Personne n'imagine que ce roadster aux lignes aussi suggestives est âgé de plus de 65 ans.
Sous cette livrée, à quelques détails stylistiques, la T-Bird à vécu de 1955 à 1957. Critiquée pour être une stricte deux places, elle évolua vers un modèle plus massif et plus habitable dit Square-Bird. Né en V8 4,7 l, pour riposter à sa concurrente de chez GM, le millésime 1956 que vous avez sous les yeux adopta un plus imposant V8 de 312 CU porté à 5113 cm3 délivrant 215 ch en boîte mécanique et 225 en automatique Ford O-Matic ! C'était dix fois la puissance de la 4 CV Renault dont elle coûtait presque 8 fois son prix avec 3 200 000 anciens francs.
Pour vous donner une idée de l'équivalence avec celui d'aujourd'hui, c'était 177 mois de salaire (18 000 francs net mensuel) d'un smigard !

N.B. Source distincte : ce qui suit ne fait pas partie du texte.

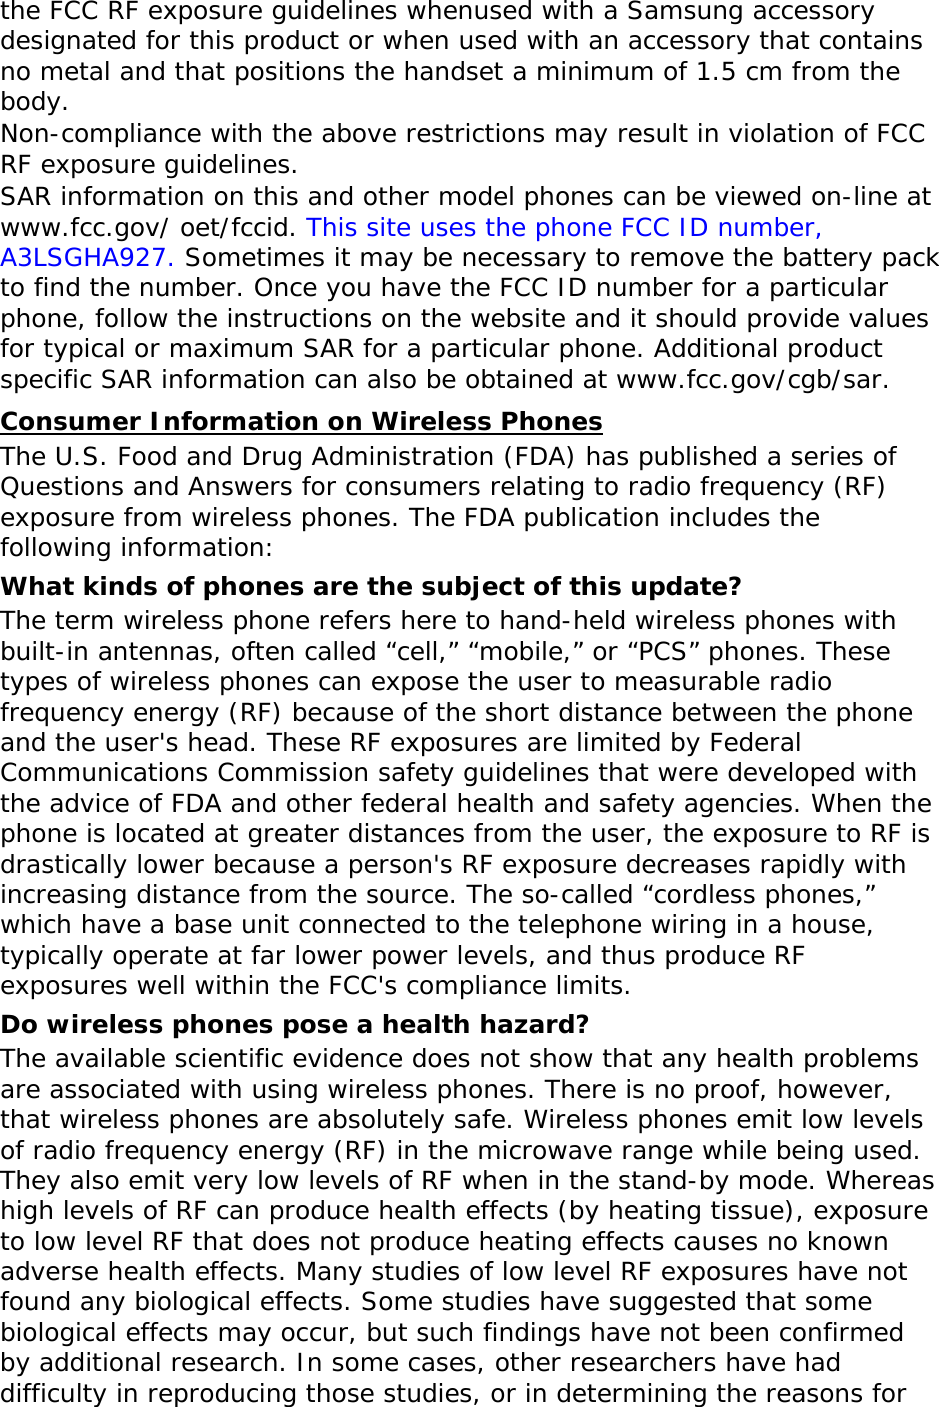 the FCC RF exposure guidelines whenused with a Samsung accessory designated for this product or when used with an accessory that contains no metal and that positions the handset a minimum of 1.5 cm from the body.  Non-compliance with the above restrictions may result in violation of FCC RF exposure guidelines. SAR information on this and other model phones can be viewed on-line at www.fcc.gov/ oet/fccid. This site uses the phone FCC ID number, A3LSGHA927. Sometimes it may be necessary to remove the battery pack to find the number. Once you have the FCC ID number for a particular phone, follow the instructions on the website and it should provide values for typical or maximum SAR for a particular phone. Additional product specific SAR information can also be obtained at www.fcc.gov/cgb/sar. Consumer Information on Wireless Phones The U.S. Food and Drug Administration (FDA) has published a series of Questions and Answers for consumers relating to radio frequency (RF) exposure from wireless phones. The FDA publication includes the following information: What kinds of phones are the subject of this update? The term wireless phone refers here to hand-held wireless phones with built-in antennas, often called “cell,” “mobile,” or “PCS” phones. These types of wireless phones can expose the user to measurable radio frequency energy (RF) because of the short distance between the phone and the user&apos;s head. These RF exposures are limited by Federal Communications Commission safety guidelines that were developed with the advice of FDA and other federal health and safety agencies. When the phone is located at greater distances from the user, the exposure to RF is drastically lower because a person&apos;s RF exposure decreases rapidly with increasing distance from the source. The so-called “cordless phones,” which have a base unit connected to the telephone wiring in a house, typically operate at far lower power levels, and thus produce RF exposures well within the FCC&apos;s compliance limits. Do wireless phones pose a health hazard? The available scientific evidence does not show that any health problems are associated with using wireless phones. There is no proof, however, that wireless phones are absolutely safe. Wireless phones emit low levels of radio frequency energy (RF) in the microwave range while being used. They also emit very low levels of RF when in the stand-by mode. Whereas high levels of RF can produce health effects (by heating tissue), exposure to low level RF that does not produce heating effects causes no known adverse health effects. Many studies of low level RF exposures have not found any biological effects. Some studies have suggested that some biological effects may occur, but such findings have not been confirmed by additional research. In some cases, other researchers have had difficulty in reproducing those studies, or in determining the reasons for

La première T-Bird produite de 1955 à 1957 se caractérisait par ses lignes très sobres comparées à la suivante
Le kit Continental accroissait le volume du coffre assez petit vu le gabarit. Les échappements se cachent en bouts des pare-chocs.
D'origine française
On ne vous présente plus Loulou dont nous déjà évoqué sa Chevy 58 et sa Cobra replica. Un passionné qui a compté plus d'une centaine de voitures dans sa vie dont une Simca Océane fortement inspirée esthétiquement par cette Ford.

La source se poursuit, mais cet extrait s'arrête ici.